Wenig später wurde darüber abgestimmt. Eine Zweidrittel-Mehrheit, wie sie Ott benötigt hätte, bekam er von den anwesenden Mitgliedern knapp nicht. Womit auch sein zweiter Antrag ohne Erfolg blieb. Was den Großteil der Mitglieder noch emotionaler werden ließ. Laute Zwischenrufe hallten durch den Audi-Dome. Bis zum Schluss. Und das Ende war unrühmlich – und eines, das dem FCB im Gedächtnis bleiben wird.

Mitglieder singen: “Wir sind Bayern – und ihr nicht”

Präsident Herbert Hainer beendete die Versammlung etwas abrupt, obwohl noch weitere Wortmeldungen angemeldet waren. Zum völligen Unverständnis der anwesenden Mitglieder, die dann beinahe auf die Barrikaden gegangen wären. Sie sangen: “Wir sind Bayern – und ihr nicht.” Und: “Wir sind die Fans, die ihr nicht wollt.” Und zu guter Letzt, und das gab es noch nie, rief ein Großteil der Mitglieder: “Hainer raus! Hainer raus!”

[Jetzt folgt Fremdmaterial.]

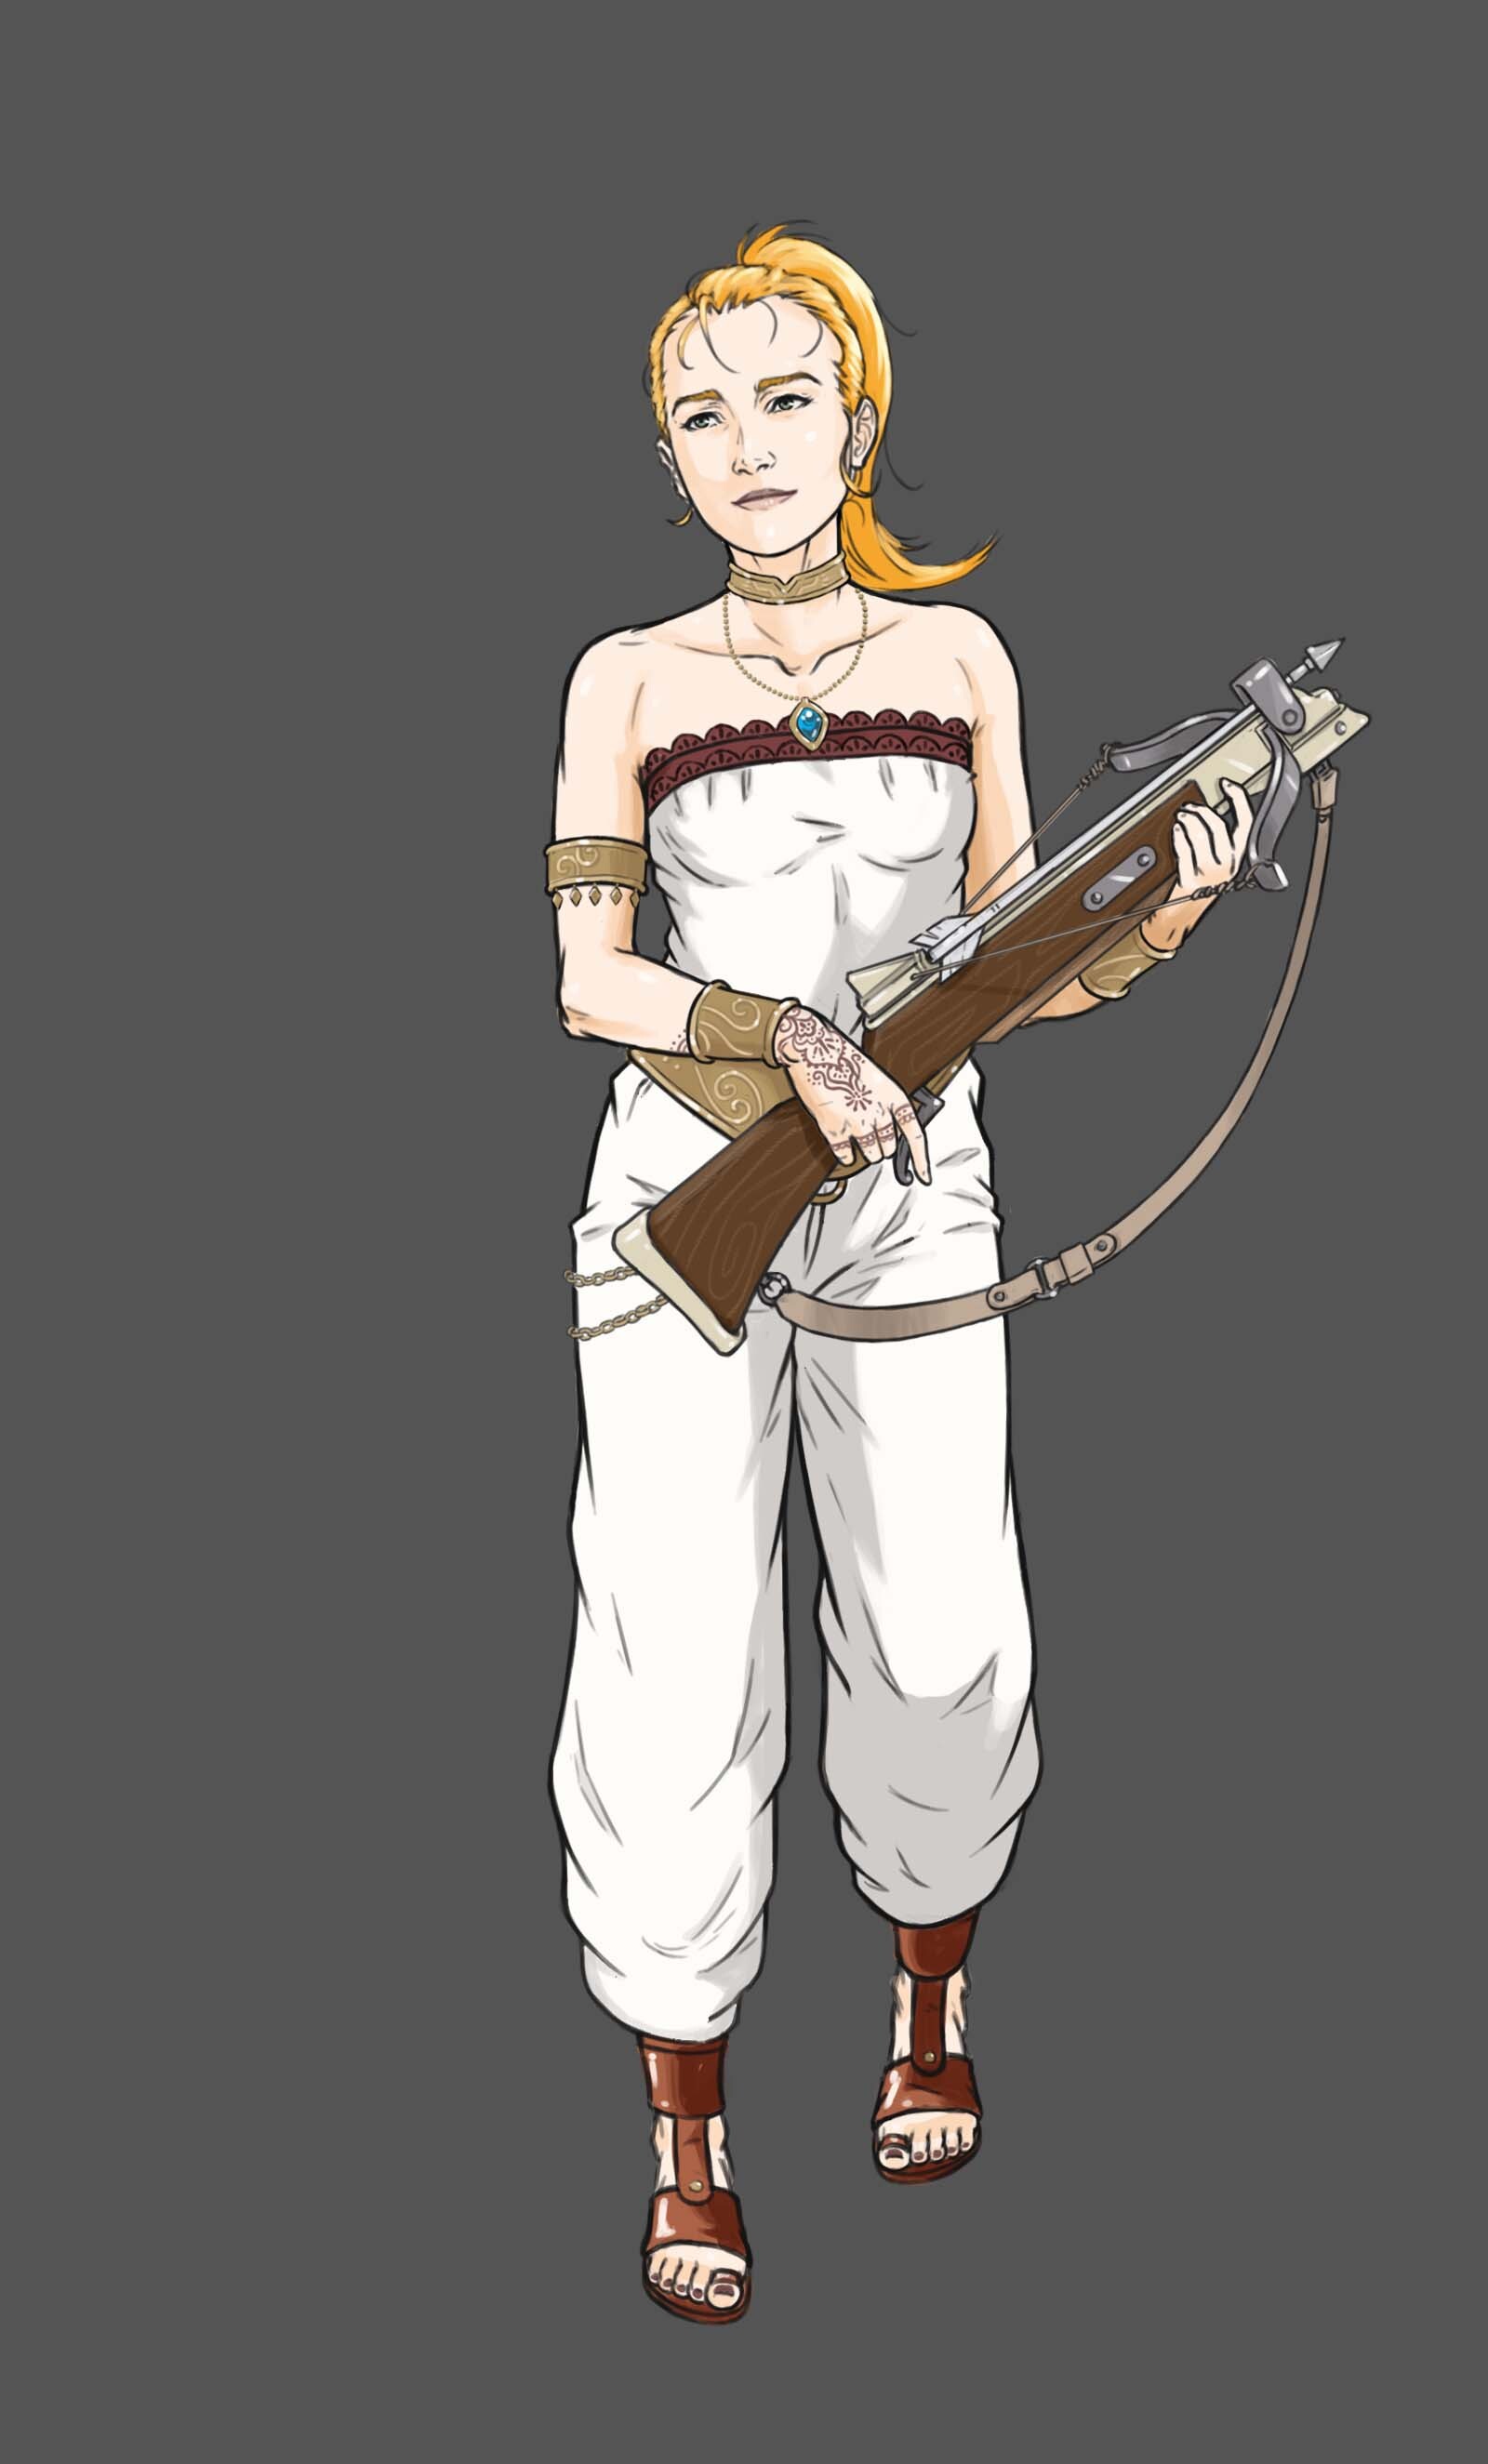 ArtStation - Chrono Cross character redesign

Ehrenpräsident Uli Hoeneß, der diesmal als Gast in erster Reihe saß, beobachtete dieses Tohuwabohu sichtlich geschockt. Zum kicker sagte er: “Darüber muss ich erst einmal schlafen. Das war die schlimmste Veranstaltung, die ich je beim FC Bayern erlebt habe.”